Brain drain: A distortion to our future economy


  • Letters
  • Thursday, 12 Jan 2023

MALAYSIA is transitioning towards a knowledge-based economy where the production of goods and services is based primarily on knowledge-intensive activities that will advance technical and scientific innovation.

The Knowledge-Based Economy Master Plan (KEMP) launched in 2002, was to sustain a rapid rate of economic growth and enhance international competitiveness and for our country to move away from a production-based economy.

Nevertheless, Malaysia will continue to rely largely on low-cost foreign labour. Many industry players are pushing the government to simplify immigration procedures to bring in foreign workers as they are reluctant to wean off from low-cost business models as an investment in technological advancement machines and operations necessitates a large sum of money. The resistance to change this reflects the dearth of highly qualified positions which contributes towards underemployment among many Malaysians.

Despite the lack of accurate data, it can be assumed that the underemployment rate is larger than it should be given the recent growth of the gig economy. According to the Department of Statistics Malaysia (DOSM), the number of unemployed graduates is trending up, reaching 33.9 per cent or 1.55 million in 2021, with graduates' unemployment rate standing at 4.1 per cent.

Research shows that a surplus of unskilled labour will result in excessive labour emigration from the country's educated population which will eventually impact state productivity and economic growth.

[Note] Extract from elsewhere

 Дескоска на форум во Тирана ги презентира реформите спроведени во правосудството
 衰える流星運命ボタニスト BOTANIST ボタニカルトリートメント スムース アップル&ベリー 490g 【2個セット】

According to Bank Negara Malaysia (BNM), Malaysians are not being paid enough for the level of productivity we are producing, with many workers being underpaid. It also reported that Malaysians had been underpaid for decades where Malaysian employees were paid the least for the same level of production compared to their regional peers in Singapore and South Korea.

The issue of brain drain has been a prevailing one, afflicting almost all industries. In essence, it is an external migration of the educated part of the country’s population. Acclaimed infectious disease expert Professor Adeeba Kamarulzaman highlighted that Universiti Malaya loses at least 30 of its medical graduates to Singapore each year, and that it costs the country almost RM1mil per student to train.

In 2011, the government set up TalentCorp to help stem the brain drain and attract Malaysians back home via its returning experts programme (REP). It managed to bring back home only 3,600 Malaysians since its establishment in 2011 – a lukewarm response which shows that despite the initiative and many others, Malaysians who are emigrating, are not interested in the prospect of gaining employment here.

It is time for both the government and the employers to reconsider offering highly skilled individuals enticing incentives in order for our talents to remain in this country such as through financial rewards or attractive career advancement opportunities. They should also recognise highly-skilled Malaysian workers in vital sectors that can harness a knowledge-based economy.

Strengthening the social safety net and providing support will make working in this country more attractive, especially for young individuals and families. Expectedly, young employees, in particular, place emphasis and high priority on getting a supportive and positive work environment that encourages rewards for innovations, creativity and hard work.

Malaysia must make significant investments in top-notch training and educational initiatives to guarantee that it has a workforce that is qualified to fulfil the demands of a modern economy. The Human Resource Development Fund (HRDF) needs to accelerate its efforts in offering high-quality training and upskilling programmes, publicising its range of projects extensively and making itself accessible to all working Malaysians.

With Malaysia's shift towards becoming a knowledge-based economy, technological development allows firms and companies to increase their productivity. Leading technology agencies like NanoMalaysia and the Malaysia Digital Economy Corporation (MDEC) must help businesses and organisations across all industries to increase their readiness, knowledge and adoption of technology. The promotion of research and development initiatives through tax exemption, for instance, will definitely lure multinationals and investors as this move contributes towards cost reduction.

For companies, tackling underemployment requires them to take utmost care of their workers. Their employees should be given jobs based on their interests, calibre and academic merits. The designation and post assigned to a worker play an important role in the performance and efficiency of work.

Companies should acknowledge local talent or highfliers who can drive innovation to unlock workers’ reserve of creative energy. Such energy must be unlocked, deployed and channelled until a virtuous circle is created in which the workers and their companies can flourish together.

A strong political will is, indeed, required to help address this long-standing issue. The government can go on explaining the initiatives to prevent brain drain but these just don’t compete with the opportunities available abroad.

Malaysia has made significant investments in infrastructure and all but it has yet to achieve scientific development, technological and innovative capability to retain or to recover the human capital that it has generated. Therefore, close cooperation between the government and employers and a review of the existing policies are vital to bring back and retaining young talents to push Malaysia towards becoming a high-income nation.